From a Localized Effect to a Centralized One
High velocity, low amplitude is known to produce local and segmental effects, such as increased range of motion,33,34 improved muscle strength,34-37 decreased pain both locally and segmentally,34,39-41 and changes in cutaneous blood flow,34,42 temperature,34,43 and skin conductance.34,44 However, even more so than the shift from an articulatory process to a neuromuscular one, research has pushed the notion that HVLA works primarily via a centralized process rather than just through the aforementioned local effects. One indication of this centralized effect arises from studies that found HVLA not only increased the pressure pain threshold (PPT) in areas related to the segment treated (eg, the upper extremity after cervical or upper thoracic HVLA) but also in more distant areas (eg, increased PPT in the toes after upper thoracic HVLA).38 Pressure pain threshold represents the minimum force applied that induces pain; therefore, a global increase in PPT suggests that there is more to the mechanism of HVLA than just a localized, segment-specific neuromuscular milieu. 
One step toward defining HVLA's centralized impact started with studies that mapped out the areas of the cerebrum affected by HVLA. Using somatosensory evoked potential recordings, a measure of brain electrical activity in response to touch, researchers demonstrated that HVLA preferentially affected the N20 and N30 cortical areas.45-49 The control during these measurements ruled out passive stretch, touch, and vestibular changes through head movement as the source for the N20 and N30 activation. Specifically, the experiments found that HVLA decreased the amplitudes of N20 and N30 areas for an average of 20 minutes.45-49 
The implications of HLVA altering the N20 and N30 areas are multifaceted.

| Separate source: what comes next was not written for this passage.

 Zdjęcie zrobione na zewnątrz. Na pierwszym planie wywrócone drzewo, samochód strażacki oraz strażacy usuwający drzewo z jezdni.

Research indicates that activity in the primary somatosensory cortex increases with chronic pain and that reduction of this activity correspondingly relieves the pain.50 N20 represents the arrival of afferent information to the primary somatosensory cortex. Therefore, it can be hypothesized that the reduction of the amplitude of N20 may help in this goal of reducing primary somatosensory cortex activity.49 The N20 and N30 areas are also responsible for somatosensory integration—specifically, dual somatosensory integration.46 It is this role that may be more salient to HVLA's capacity to treat a patient's dysfunction and pain. 

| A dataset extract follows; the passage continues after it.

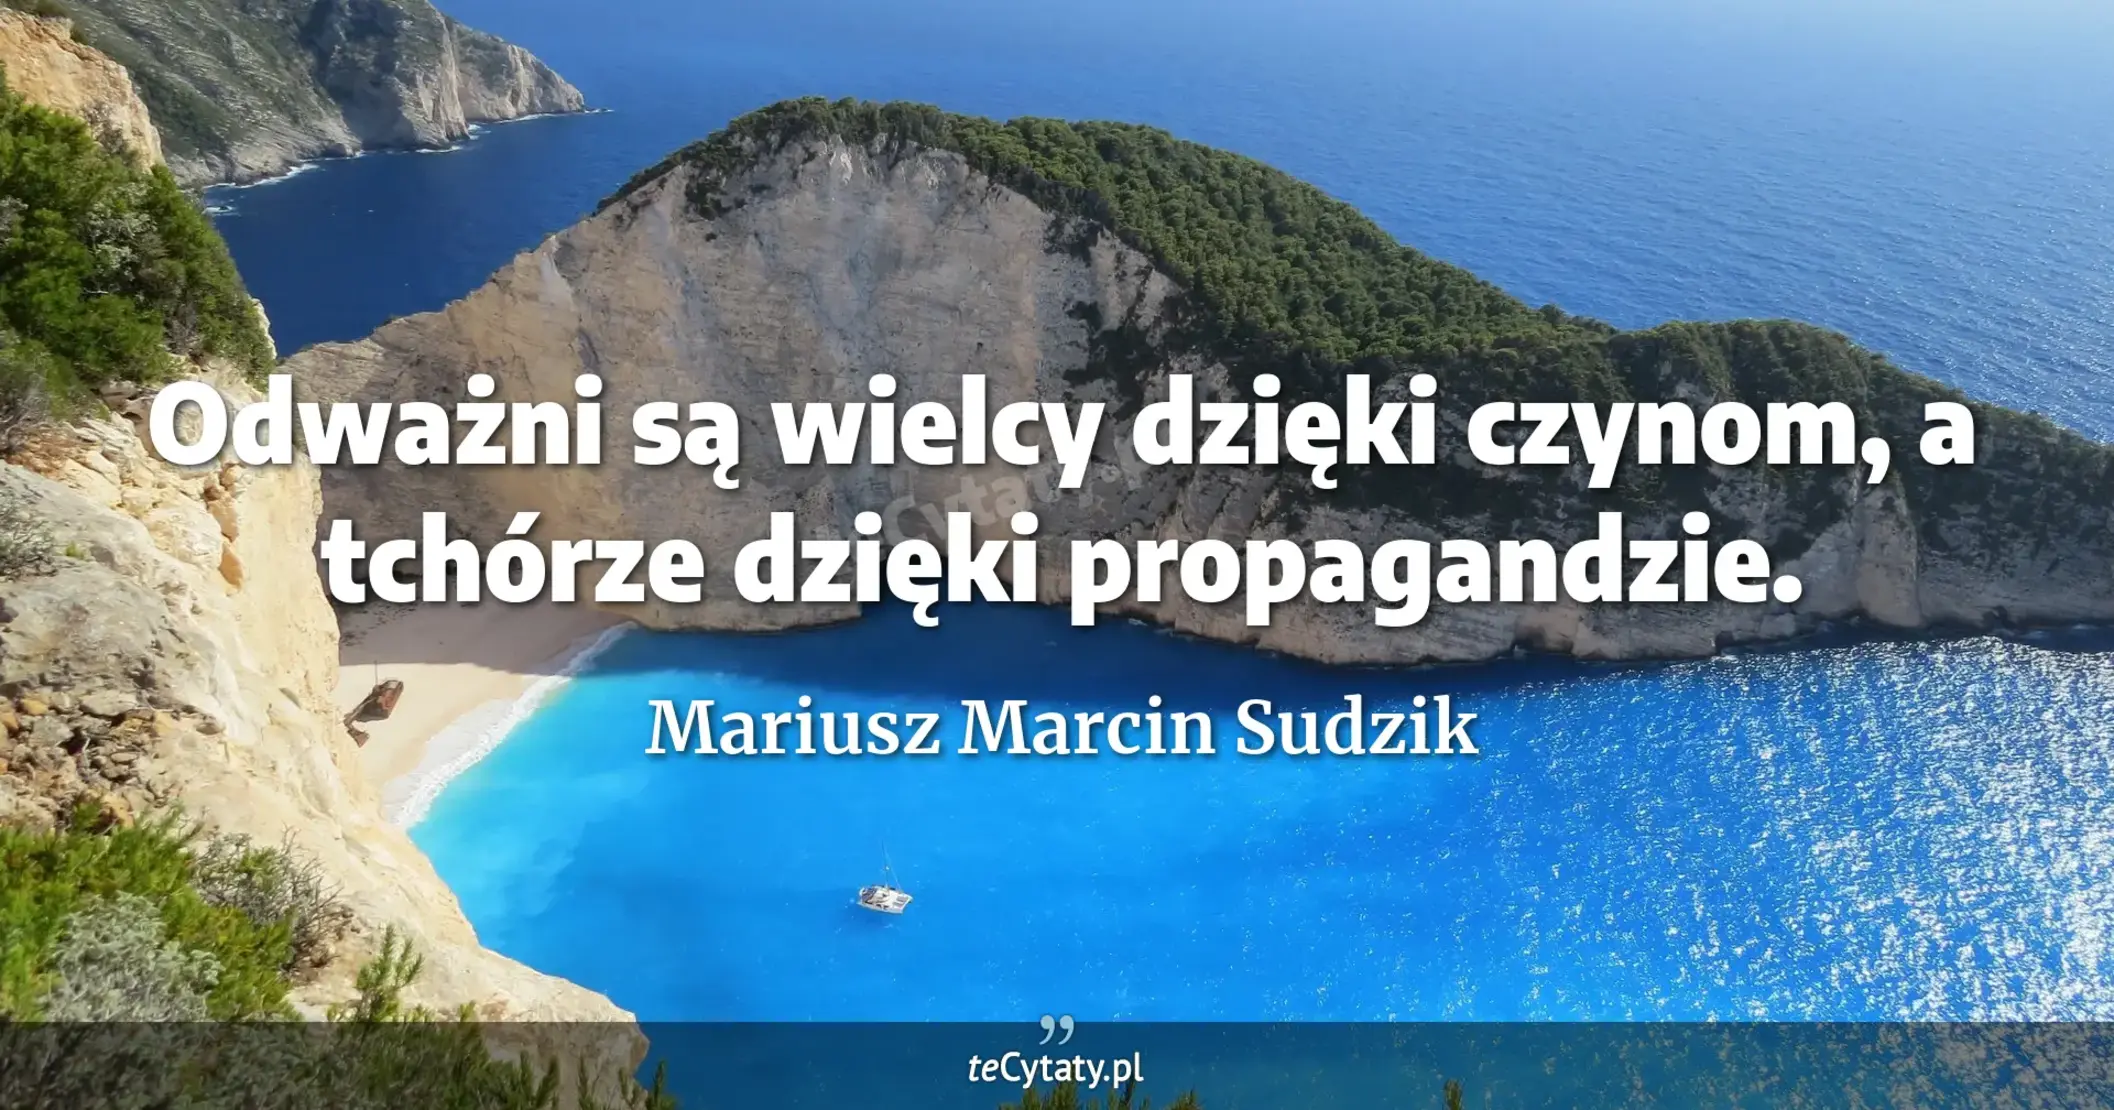 Odważni są wielcy dzięki czynom, a tchórze dzięki propagandzie. - Mariusz Marcin Sudzik

The brain is constantly bombarded by somatosensory information and requires a gating or filter mechanism to make sense of it all. A study49 of muscle-centric pathologies such as dystonia illustrates that muscular disease may be a consequence of the brain no longer being able to properly integrate somatosensory information. A failure of the brain's somatosensory integration mechanism has also been implicated in chronic pain conditions, such as chronic low back pain.51,52,53 Studies illustrate that the brain translates poor sensorimotor integration as pain, as was demonstrated when a healthy population was given unexpected visual feedback to limb movement. This experiment not only elicited pain in otherwise healthy individuals but also exacerbated preexisting pain symptoms in patients with fibromyalgia. Furthermore, Brumagne et al54 revealed that introducing vibration into the multifidus muscle prevented healthy individuals from accurately repositioning their spine, and a follow-up study55 found that it was a common attribute among those with low back pain.54,55 
Whether the brain is misinterpreting unfiltered somatosensory information such as pain, or whether poor somatosensory integration leads to aberrant body mechanics that induce pain, patients with chronic pain also have poor dual somatosensory integration.49 Of note, research has shown that HVLA improves somatosensory integration.45-49 The end result is decreased pain49 and improved joint function and proprioception56,57 after HVLA. 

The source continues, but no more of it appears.